Now the same cache backed by ETS:

defmodule FastCache do
  use GenServer

  @table :fast_cache

  def start_link(_), do: GenServer.start_link(__MODULE__, nil, name: __MODULE__)

  def get(key) do
    case :ets.lookup(@table, key) do
      [{^key, value}] -> {:ok, value}
      [] -> :error
    end
  end

  def put(key, val), do: GenServer.cast(__MODULE__, {:put, key, val})

  @impl true
  def init(_) do
    :ets.new(@table, [:set, :public, :named_table,
                      read_concurrency: true, write_concurrency: true])
    {:ok, nil}
  end

  @impl true
  def handle_cast({:put, key, val}, state) do
    :ets.insert(@table, {key, val})
    {:noreply, state}
  end
end

Two things changed. First, get/1 no longer talks to the GenServer at all. It reads directly from ETS in the caller's process. A thousand processes can call get/1 in parallel and no one waits. Second, the GenServer still exists — it owns the table and handles writes. Writes funnel through one process for ordering and consistency, but reads do not.

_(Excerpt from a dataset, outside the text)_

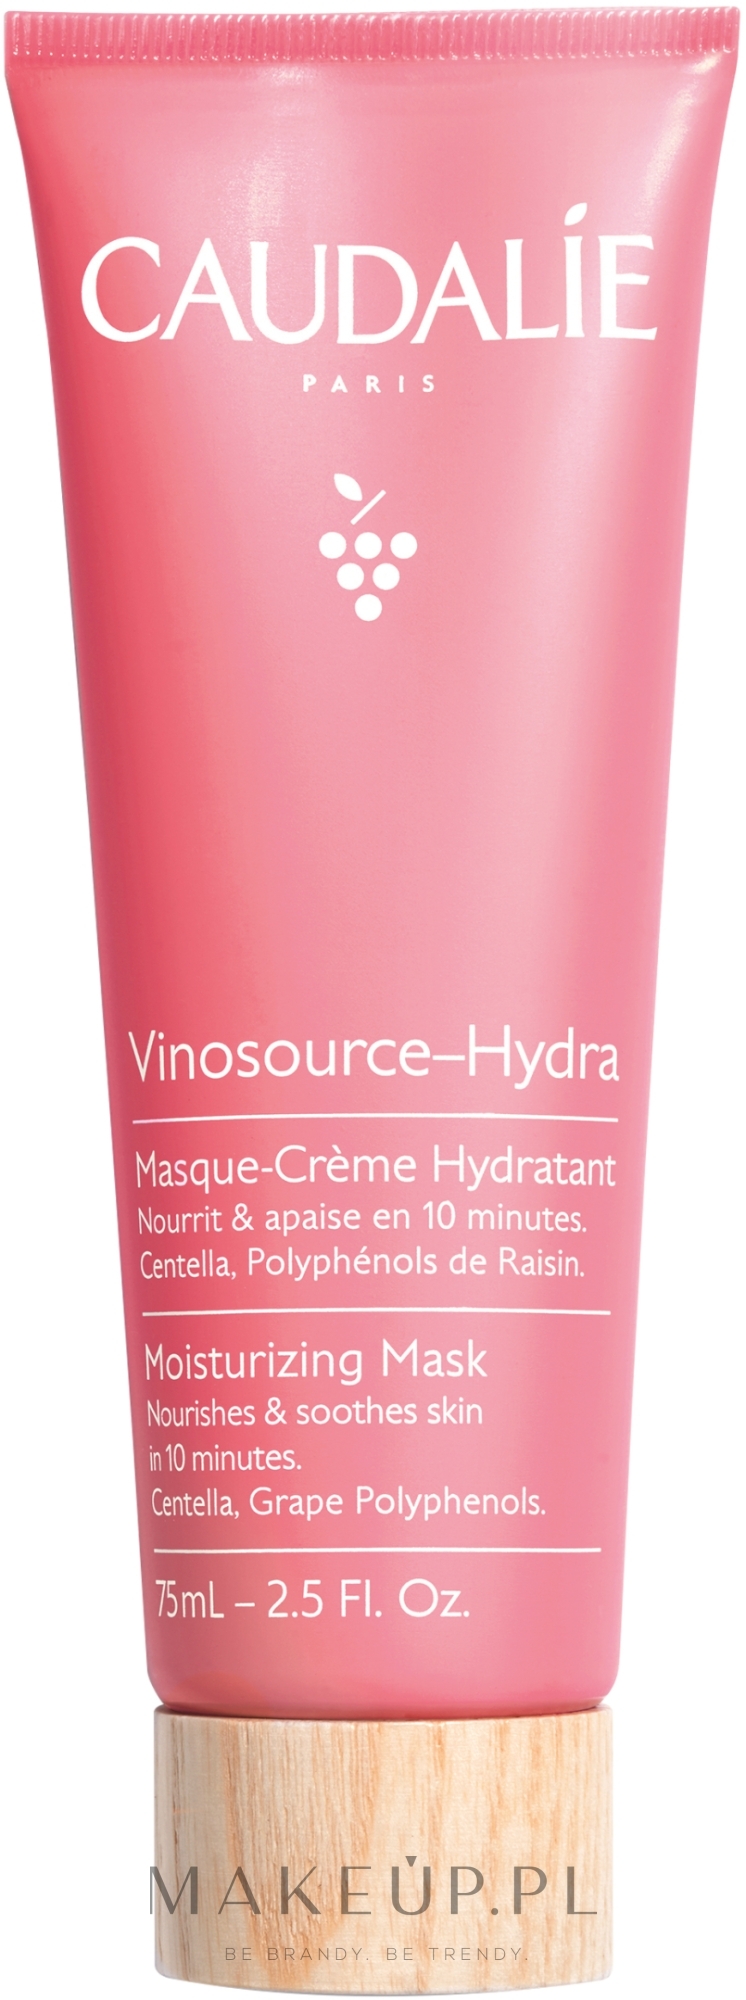 Kremowa maseczka do twarzy intensywnie nawilżająca - Caudalie Vinosource-Hydra Moisturizing Mask — Zdjęcie 75 ml

The GenServer's mailbox is only ever busy with writes, which are typically much rarer than reads.

This is the canonical ETS-with-GenServer pattern, and you will see it in production library after production library:

  • Phoenix.Endpoint stores its compiled configuration in ETS. The endpoint process owns the table; every request reads from it without involving the endpoint at all.
  • Plug.Session.ETS is exactly this shape — a session store where the writes go through a single process and the per-request reads hit ETS directly.
  • Cachex and ConCache are full libraries built around this pattern, with eviction, TTLs, and lock-striping layered on top.
  • Phoenix.PubSub with the ETS adapter uses tables to track local subscriptions, with broadcast happening from any process.

The reason these libraries exist is that the pattern, while simple, has enough sharp edges (TTL, eviction, hot keys, ownership inheritance) that you do not want to rebuild it every time.

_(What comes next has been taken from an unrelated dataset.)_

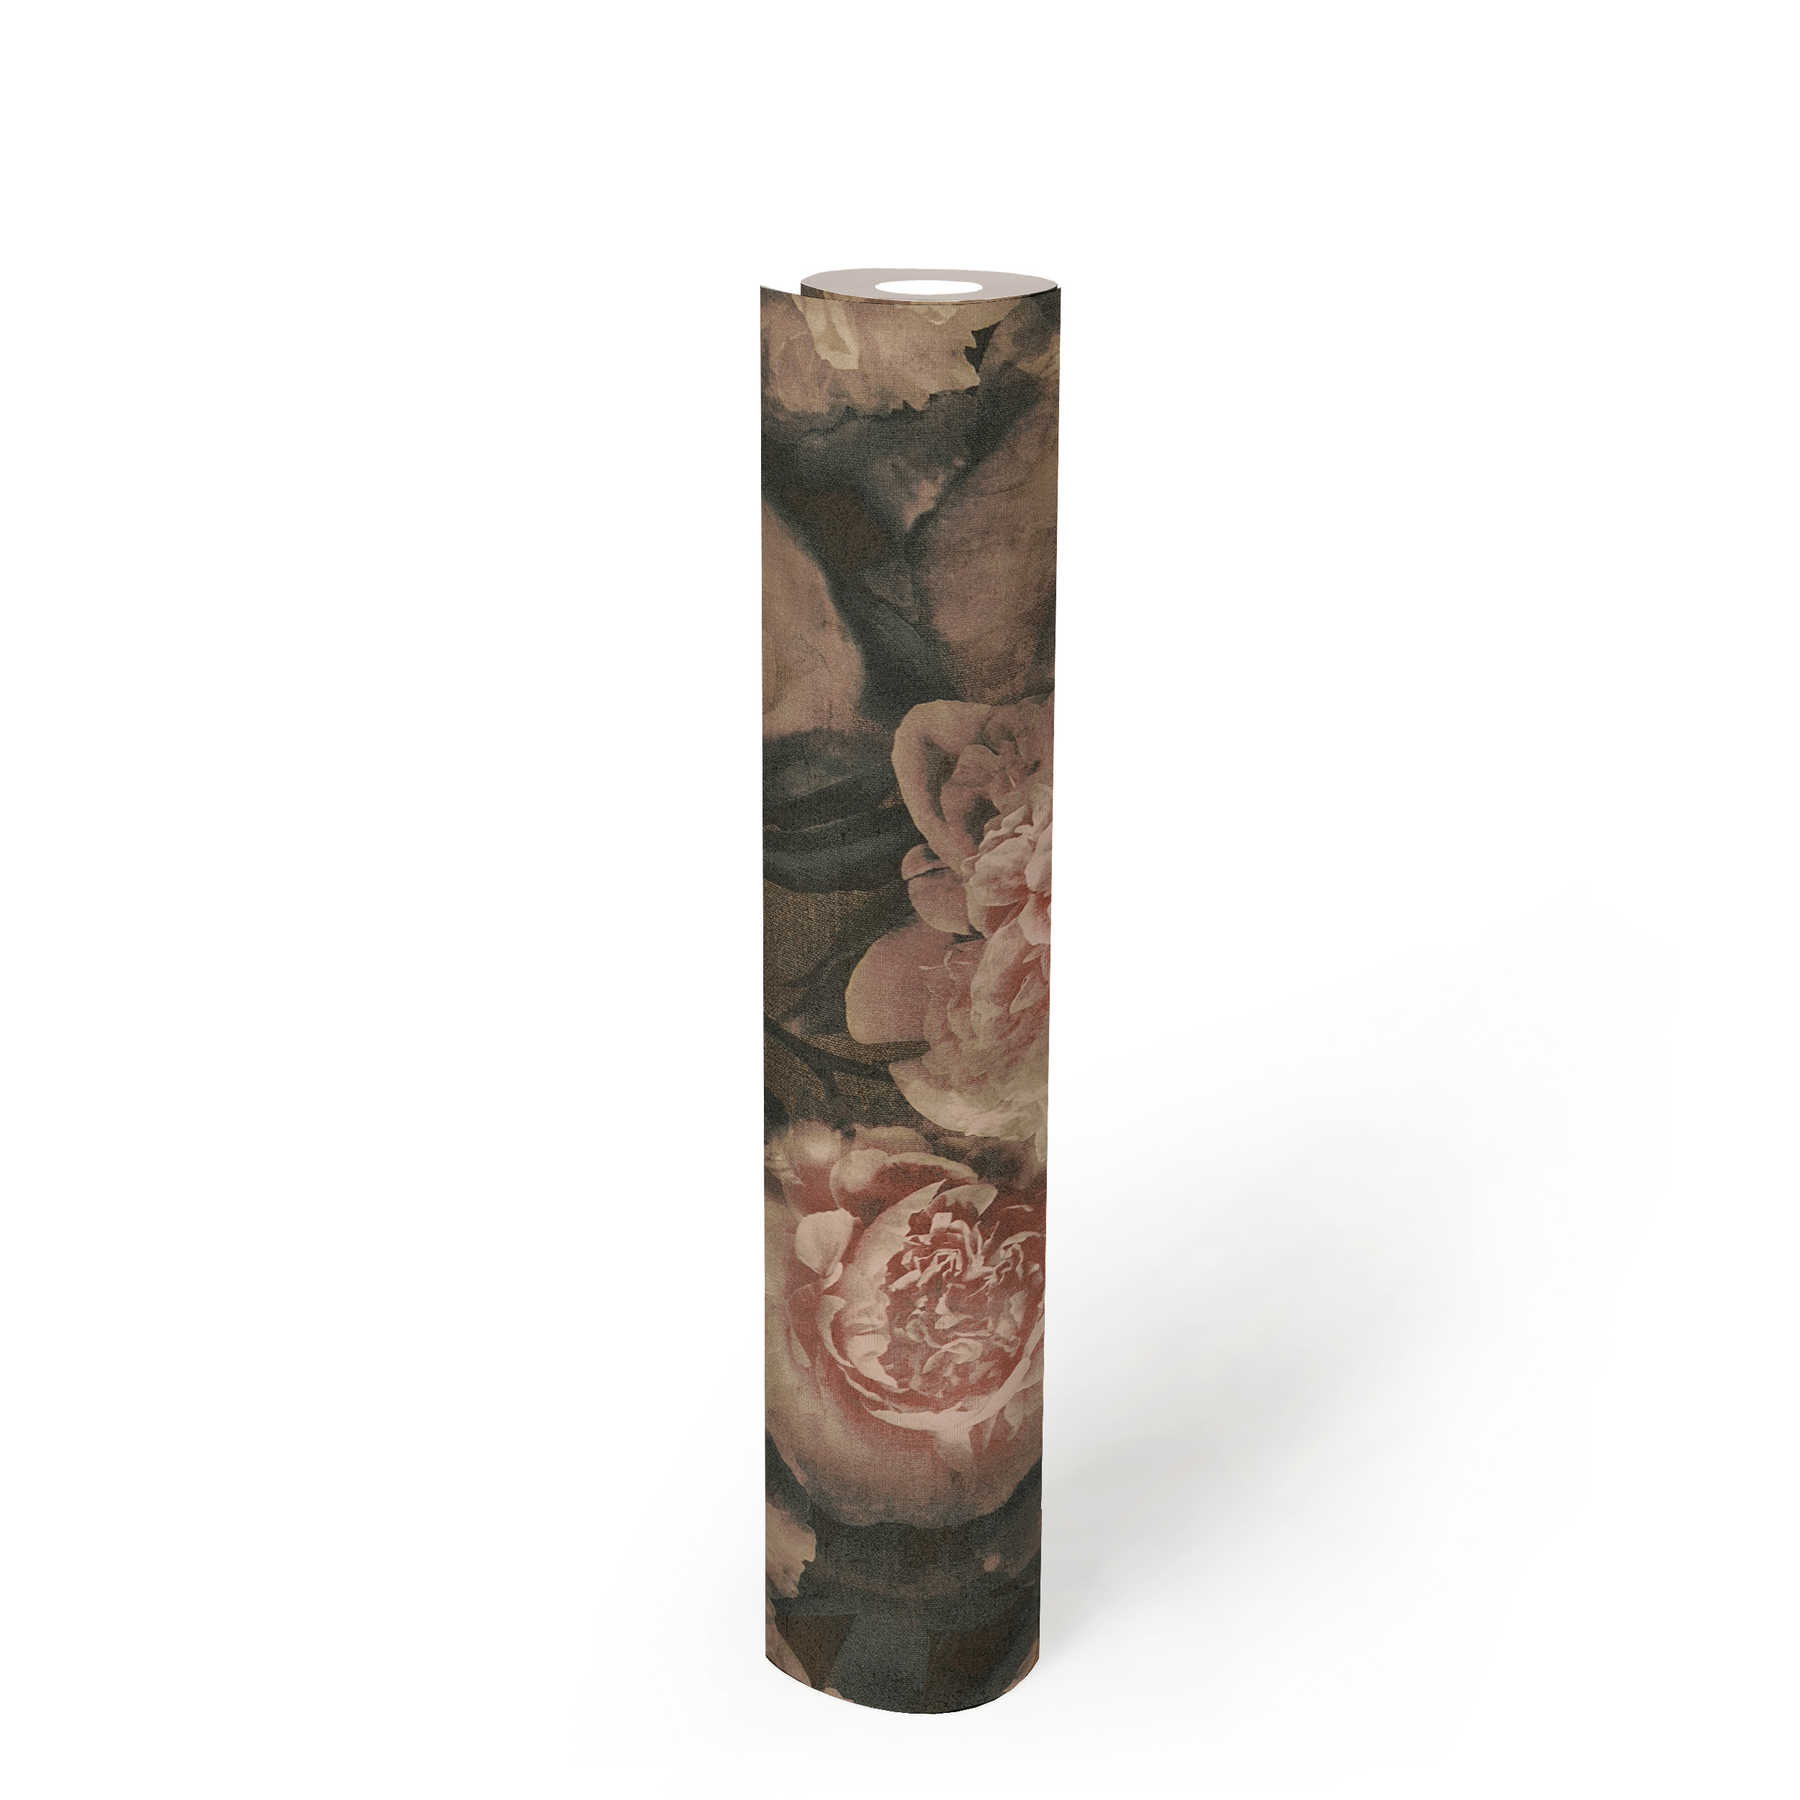             Blumentapete Rosen im Vintage Look – Rosa, Rot, Schwarz

When to Keep State in the GenServer

ETS is not always better. Several situations call for keeping state in the GenServer:

You need atomic multi-key updates. The classic example: move a value from one bucket to another. In a GenServer, this is one function call. In ETS, you have a read, a delete, an insert — and another process can observe an intermediate state where the value is in neither bucket. ETS only gives you atomicity per-key, via update_counter and update_element.

Writes far outnumber reads. A queue, an inbox, a buffer that gets flushed periodically. The serialization the GenServer gives you is the whole point — there is no concurrent-read benefit to chase.

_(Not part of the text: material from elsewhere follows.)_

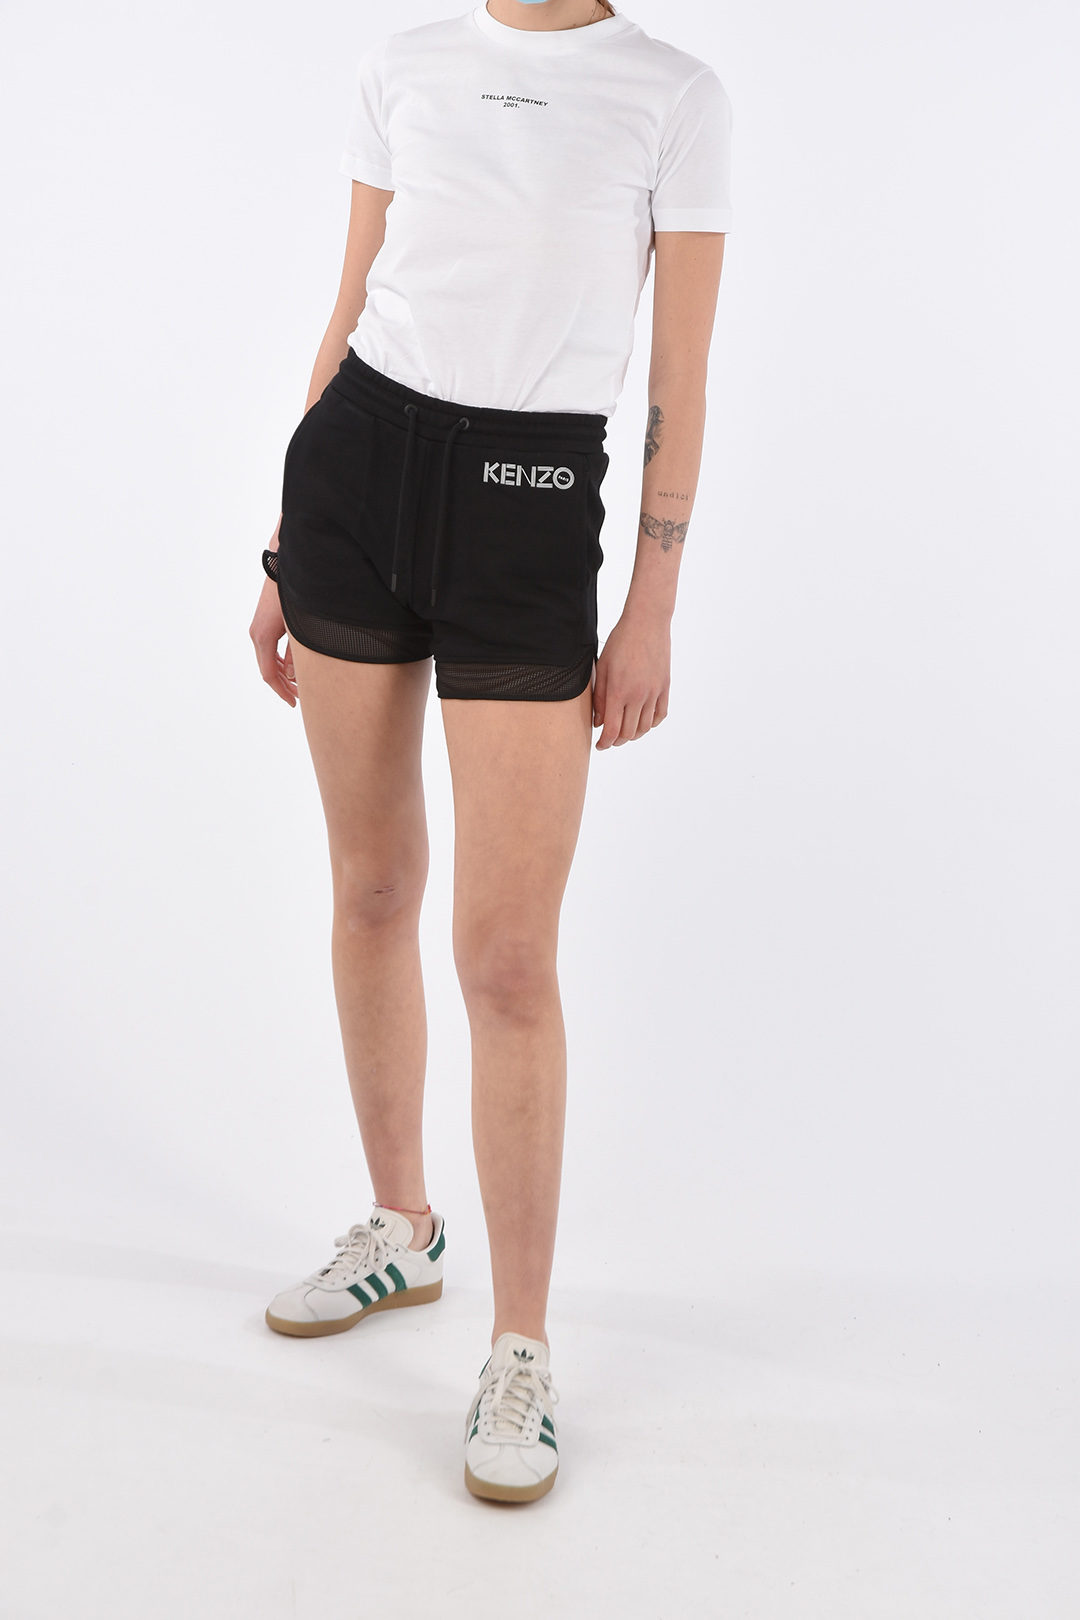 kenzo shorts womens Off 61% - www.loverethymno.com

The state is small and only one process needs it. If you have a tiny config map that lives inside a worker, putting it in ETS just adds an indirection. Use the worker's state.

The state has complex invariants that span the whole structure. A finite state machine with twelve states and transitions between them is much easier to reason about as GenServer state. The serialization gives you sequential reasoning. ETS hands you back the burden of thinking about concurrent observers.

You want supervision-level reset on crash. GenServer state vanishes when the process restarts, which is sometimes exactly what you want — a clean slate. ETS data outlives the process unless you destroy the table.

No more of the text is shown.